Here are some examples:
“What attributes determine which customers will purchase, and which will not?”
“Given a set of specific manufacturing conditions, how many units
produced will fail?”
“How many customers will contact help support in a given time
frame?”
“Given a set of conditions, which units will fail?”
Getting Started
This tutorial uses a publicly available data set that can be found at:
http://archive.ics.uci.edu/ml/machine-learning-databases/abalone/
The original data are the Abalone data set made available by UCI
Machine Learning Repository. They are composed of 4177 observations of
9 attributes. All attributes are real valued continuous,
except for Sex and Rings, found in columns 0 and 8 respectively.
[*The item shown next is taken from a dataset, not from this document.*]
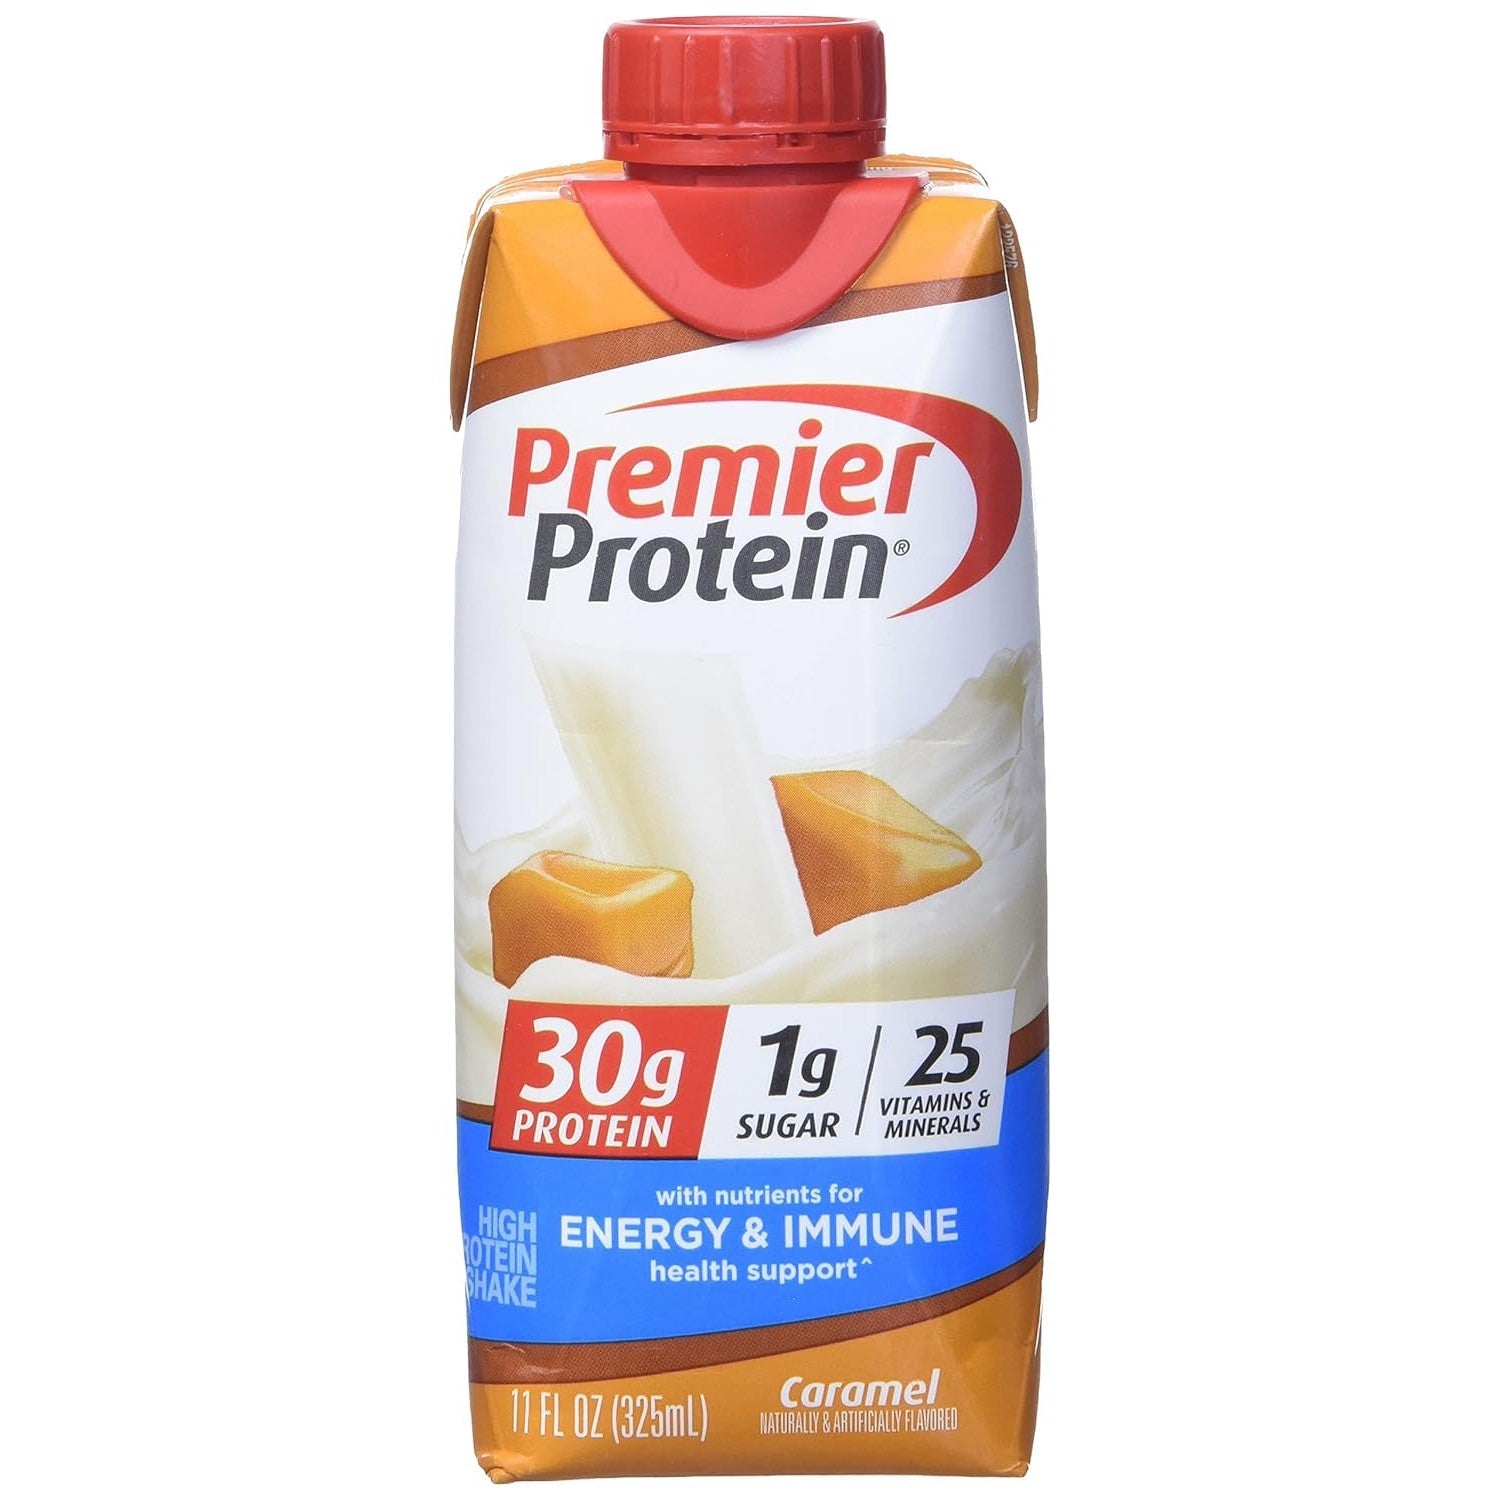 Premier Protein Shake 30g Protein 1g Sugar Caramel 325ml

Sex is categorical with 3 levels (male, female, and infant), and Rings
is integer valued.
Before modeling, parse data into H2O as follows:
- Under the drop down menu Data select Upload, and use the helper to
upload data.
- User will be redirected to a page with the header “Request
Parse”. Select whether the first row of the data set is a
header. All other settings can be left in default. Press Submit.
- Parsing data into H2O generates a .hex key (“data name.hex”)
Building a Model
- Once data are parsed, a horizontal menu will appear at the top
of the screen reading “Build model using ... ”. Select
GLM here, or go to the drop down menu Model and
select GLM.
- In the Key field enter the .hex key for the data set.
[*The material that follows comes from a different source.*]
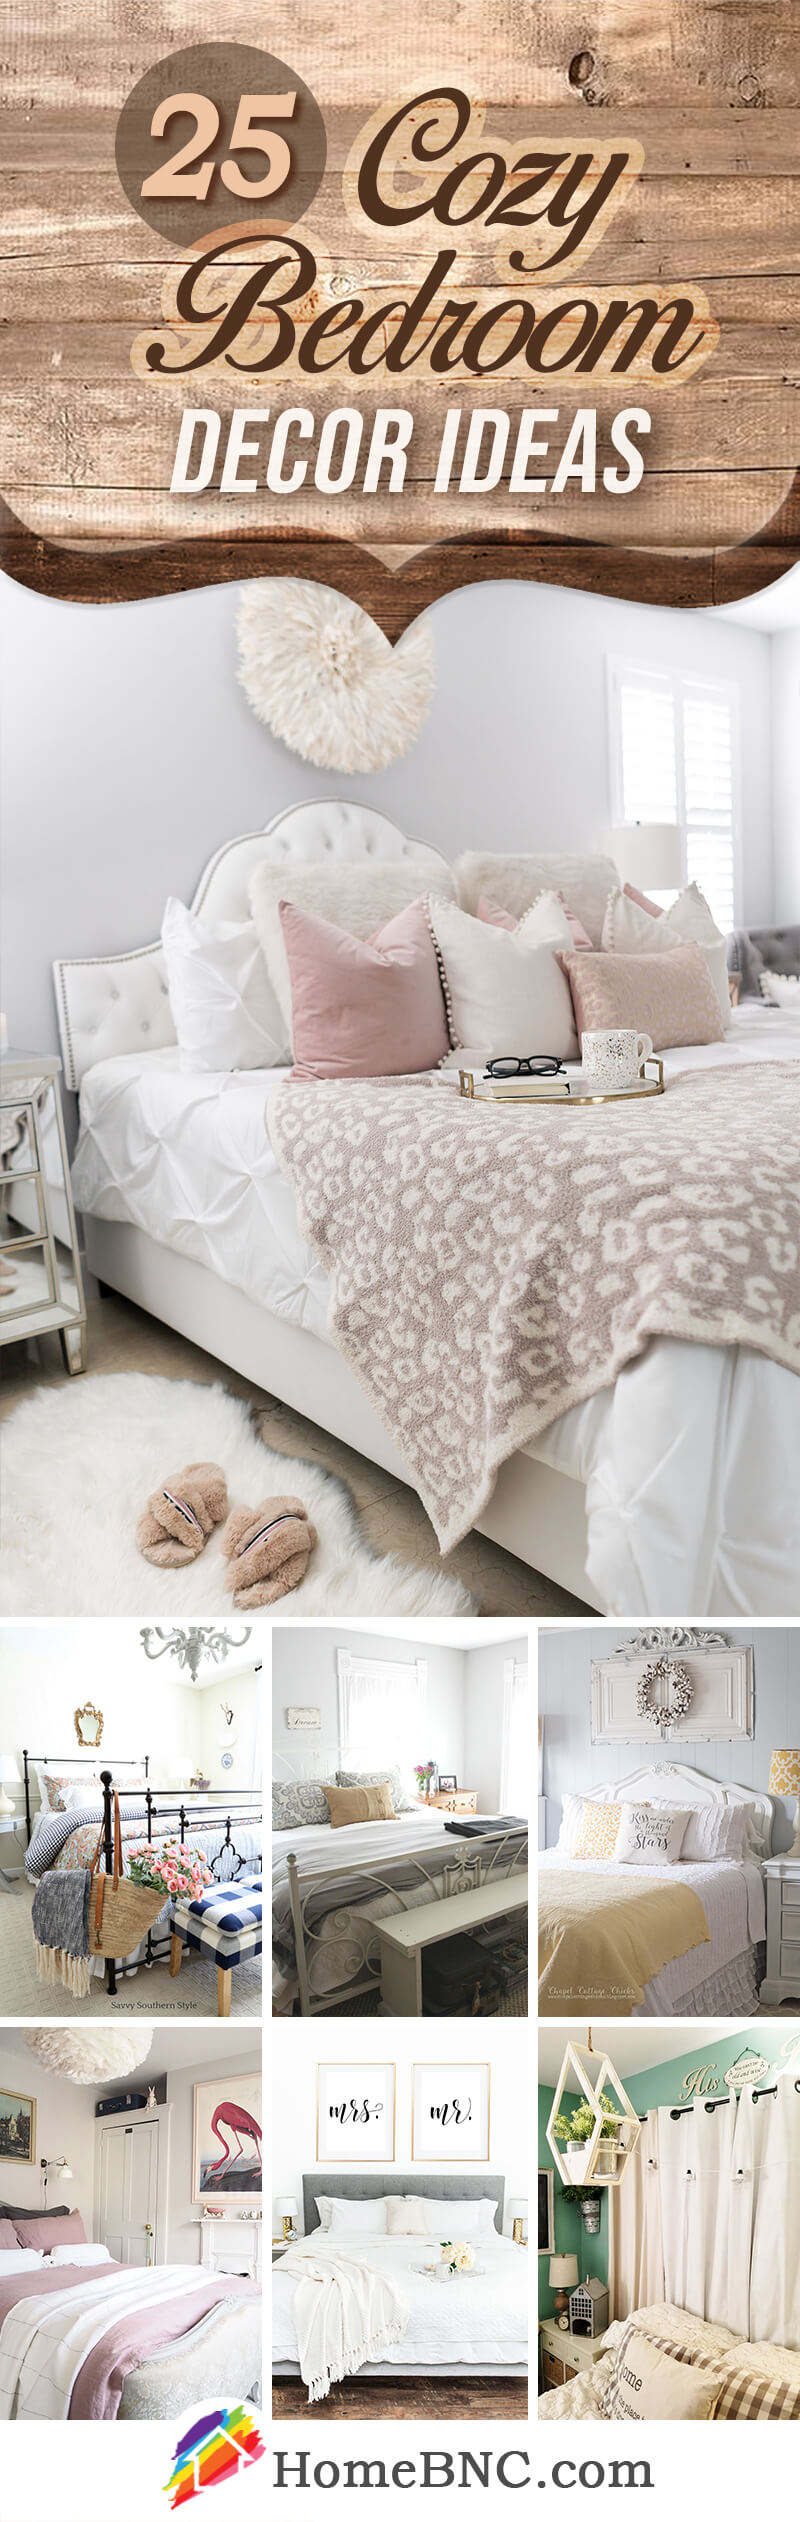 Cozy Bedroom Decor Ideas

- In the Y field select the column associated with the Whole Weight
variable (column 5).
- In the X field select the columns associated with Sex, Length,
Diameter, Height, and Rings (all other columns).
- Specify the distribution family to be Gaussian. This automatically sets the link
field to identity.
- Set lambda and alpha to 0. These parameters determine
regularization of GLM models. To find detailed information on the
specification of tuning parameters see Generalized Linear Model (GLM).
- Leave n-folds at 10. This will produce 10 cross-validation models.
- Under the options box marked expert settings, notice that
standardization is ON by default. This option returns two sets of
coefficients, the non-standardized coefficients, and standardized
coefficients.
Additional specification detail
GLM Results
GLM output includes coefficients (as well as normalized coefficients when
standardization is requested). Also reported are AIC and
error rate. An equation of the specified model is printed across the top
of the GLM results page in red.
Users should note that if they wish to replicate results between H2O
and R, it is recommended that standardization and cross validation
either be turned off in H2O.
Validating on Testing Set
- Models can be applied to holdout testing sets or prediction data,
provided that the data are in the same format as the data
originally used to generate the GLM model.
- At the top of the GLM results page is a horizontal menu titled
Actions. Select Validate On Another Dataset. This same action can
be completed by going to the Score drop down menu and selecting
GLM.
- In model key enter the .hex key found in the center of the GLM
results page under the header Validations (this can also be found
under the Admin drop down menu by selecting Jobs).
- In the Key field enter the .hex key associated with the testing
data set. Press submit.
Validation results report the same model statistics as were generated
when the model was originally specified.
THE END.